There is also a term commonly used when referring to Page cache — memory mapping. It means that a process can map files to its own virtual memory space using system calls. In addition, this mapping is lazy loading, that is, the corresponding page is only loaded when the page is missing. But what does this have to do with page cache? Memory mapping — the biggest feature of mmap for system calls is the direct use of page cache:

Page Cache, the Affair Between Memory and Files

The differences are as follows:

Why is it that mmap can use the Page cache directly, but read is copied from the kernel buffer for normal reading and writing? One reason is that the user buffer provided by normal reads and writes can be swapped out (since it is itself virtual memory). But MMap is not usually a choice for reading and writing files, especially if the corresponding page of the file is already in the page table. In Kafka, only index files use Mmap; log files do not.

Zero copy

Zero copy analysis of various articles, but the key is to understand why ordinary read and write requires 4 copies and 2 context switches.

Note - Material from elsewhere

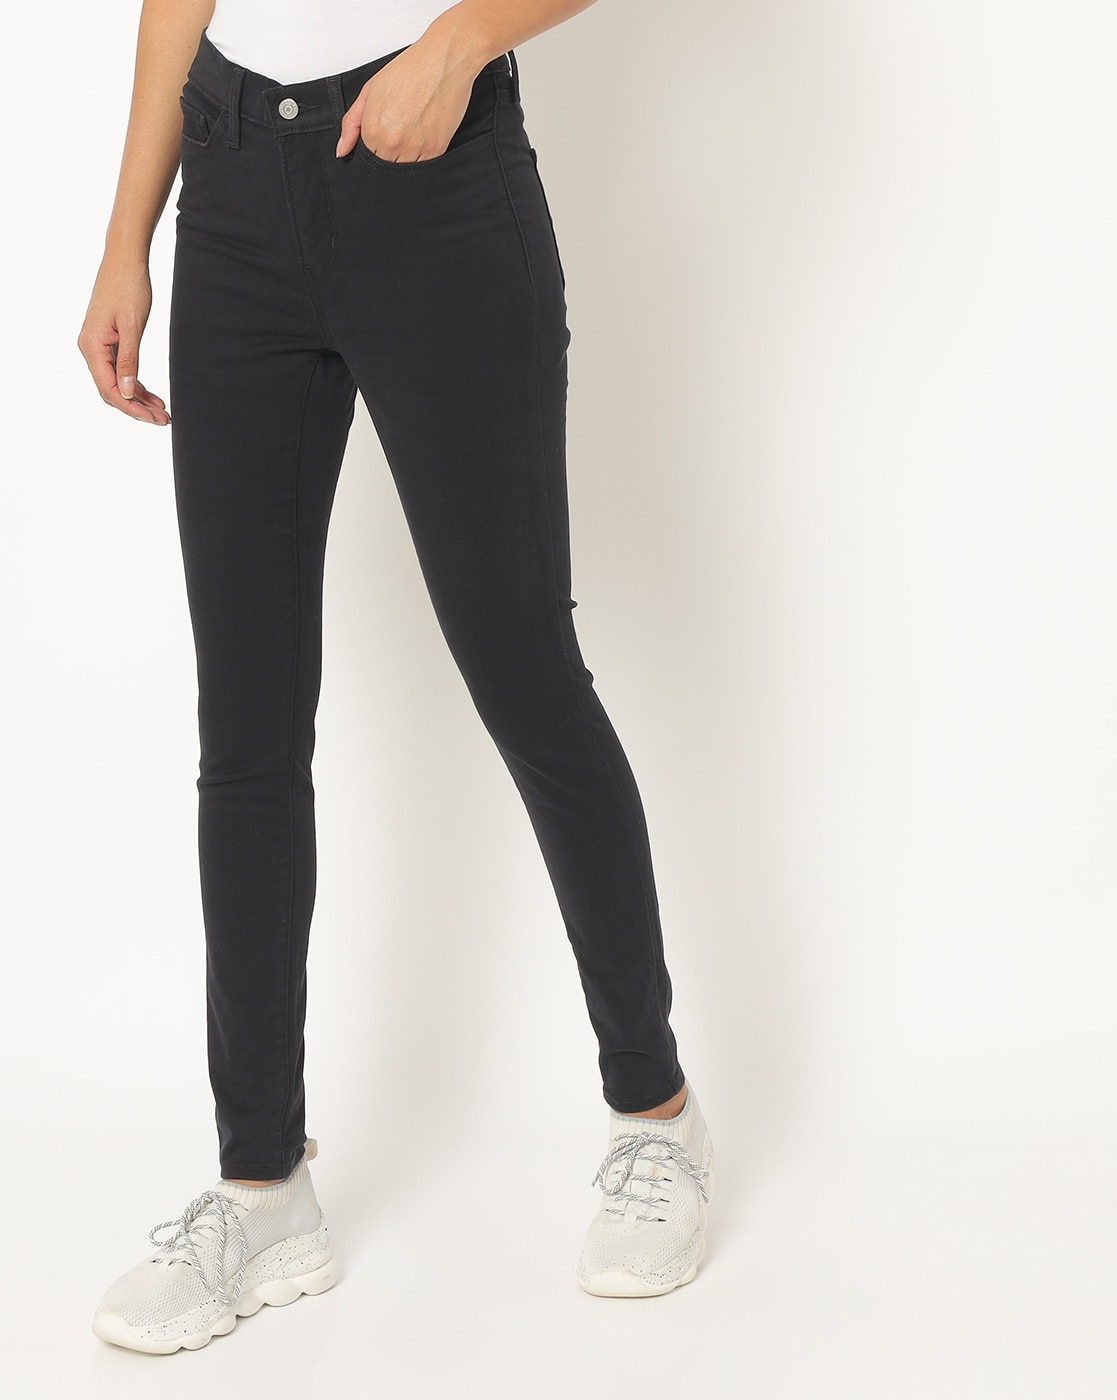 Buy Black Jeans & Jeggings for Women by LEVIS Online

Kafka calls methods such as Filechannel. transferTo, which is essentially a system call to sendFile. With DMA support, it is possible to do zero copy — that is, copy directly from external memory to a memory-specified buffer, without copying from the input buffer to the output buffer (such as socket).

In addition to Sendfile, there are many other zero-copy technologies, including Mmap.


Of course, Kafka also has many good designs, such as batch compression, Reactor patterns, and so on. But we all mention very little, not to say.